Cette semaine Arrêt sur Images sur le net parle de lui même, de sa création, et c'est passionnant...

Voilà ce que j'ai écrit sur ce sujet :

On n'est jamais aussi intéressant que lorsqu'on parle de soi-même...

Peut être parce que c'est un sujet qu'on connaît bien...

Trop souvent nous parlons de ce que nous connaissons mal, ou pas du tout, c'est moins intéressant, forcément !

Et puis il y a l'émotion, par exemple "Loubiana", c'est très joli, réellement émouvant.

Tous les participants du plateau sont magiques : Anthony Morel, décidant de mettre une pétition en ligne pour défendre Arrêt sur Images, Julie Guilbault, pasionnante et qui m'a fait penser trés fort à Chloé Delaume (voix et visage) et puis le magnifique Alain Korkos, parlant des anamorphoses, titre d'un roman que j'écrivais il y a huit ans et que j'ai finalement nommé "La Conquête de Florence" et pas publié par flemme d'organiser la chasse à l'éditeur ! Le hasard (mais nul coup de dès n'abolira le hasard) fait que j'ai imprimé et fait relier un exemplaire pour une amie, et que je suis en train de le relire depuis hier... J'explique le changement de titre ainsi, au début du livre :


A propos d'anamorphose :

La conquête de Florence est le journal d’événements rêvés ou vécus par un homme qui joue à cache-cache avec les mots et qui prétend décrire une réalité bien invraisemblable.
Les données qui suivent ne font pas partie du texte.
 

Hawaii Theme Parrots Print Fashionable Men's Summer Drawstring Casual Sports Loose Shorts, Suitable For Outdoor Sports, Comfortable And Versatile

C’est un journal du front, écrit par un correspondant de guerre, un descendant d’Apollinaire et d’Hemingway tapi au fond des tranchées du troisième conflit mondial. Un moment, il avait songé lui donner pour titre Anamorphose, ce qui dénote un goût excessif des mots rares et précieux, pour ne pas dire pédants. Par bonheur il y a renoncé. Reste le long glissement du sens, ou des sens. Une déformation du monde sensible, sensuel, du narrateur qui, peu à peu, se présente sous un angle indéchiffrable, répétitif, obsessionnel, énigmatique et improbable.
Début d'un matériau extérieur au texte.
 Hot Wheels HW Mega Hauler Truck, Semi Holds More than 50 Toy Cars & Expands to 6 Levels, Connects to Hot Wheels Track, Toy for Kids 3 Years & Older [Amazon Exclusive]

C’est un journal à une seule voix. Celle du scripteur qui impose un je obsédant. Les points de vue extérieurs n’ont pas de place dans un journal. Nous ne pourrons que les imaginer.
Les thèmes entrecroisés se perdent et renaissent cycliquement, comme dans une fugue de Bach, sous de nouvelles apparences, parés de tonalités différentes. Tout est toujours remis en cause, les pistes et les femmes s’égarent dans les sables mouvants d’une époque où rien ne dure, ou le provisoire est la seule règle.
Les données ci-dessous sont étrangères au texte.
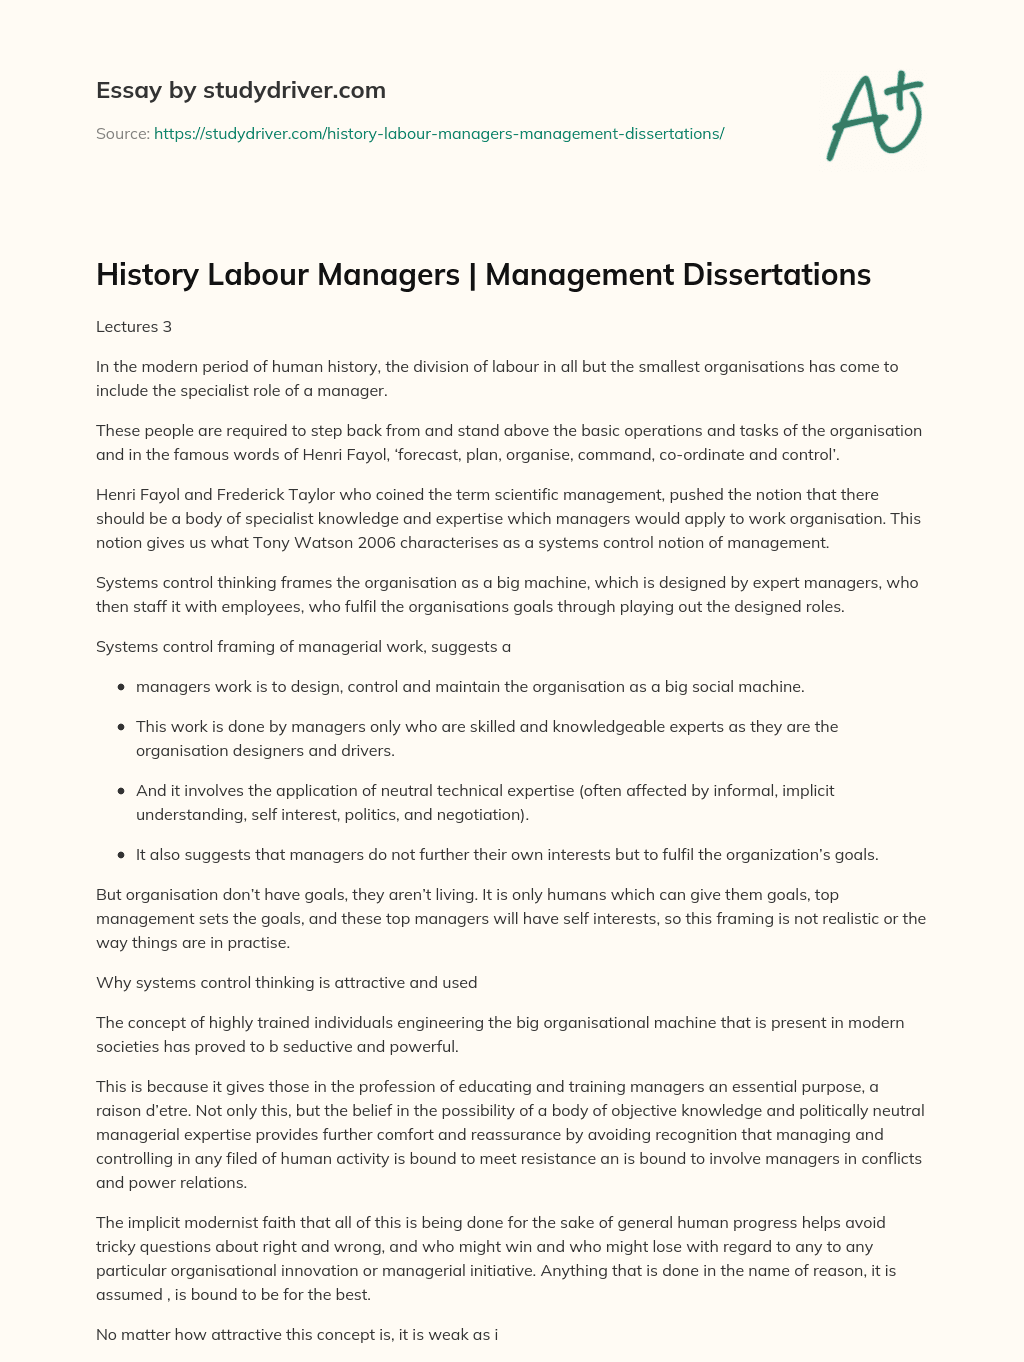 History Labour Managers | Management Dissertations essay

S’il devait s’expliquer sur ce curieux titre qu’il avait envisagé, l’auteur dirait probablement ceci : certains peintres, depuis les maîtres du moyen âge jusqu’à Salvador Dali anamorphosent, au cœur d’un tableau réaliste, dans une bulle dont la perspective est différente, des symboles morbides ou sinistres. Soudain une faille apparaît dans la plate réalité et se dérobe à l’interprétation immédiate, obligeant le spectateur de la toile à un effort d’imagination pour découvrir l’objet figuré. L’anamorphose est non seulement une déformation du réel, mais aussi un pli à l’intérieur de celui-ci. Secret partagé, fissure visible et déchiffrable ; secret de Polichinelle donc. Là réside le charme de la prétendue énigme, fictivement dissimulée, inévitablement mise en vedette.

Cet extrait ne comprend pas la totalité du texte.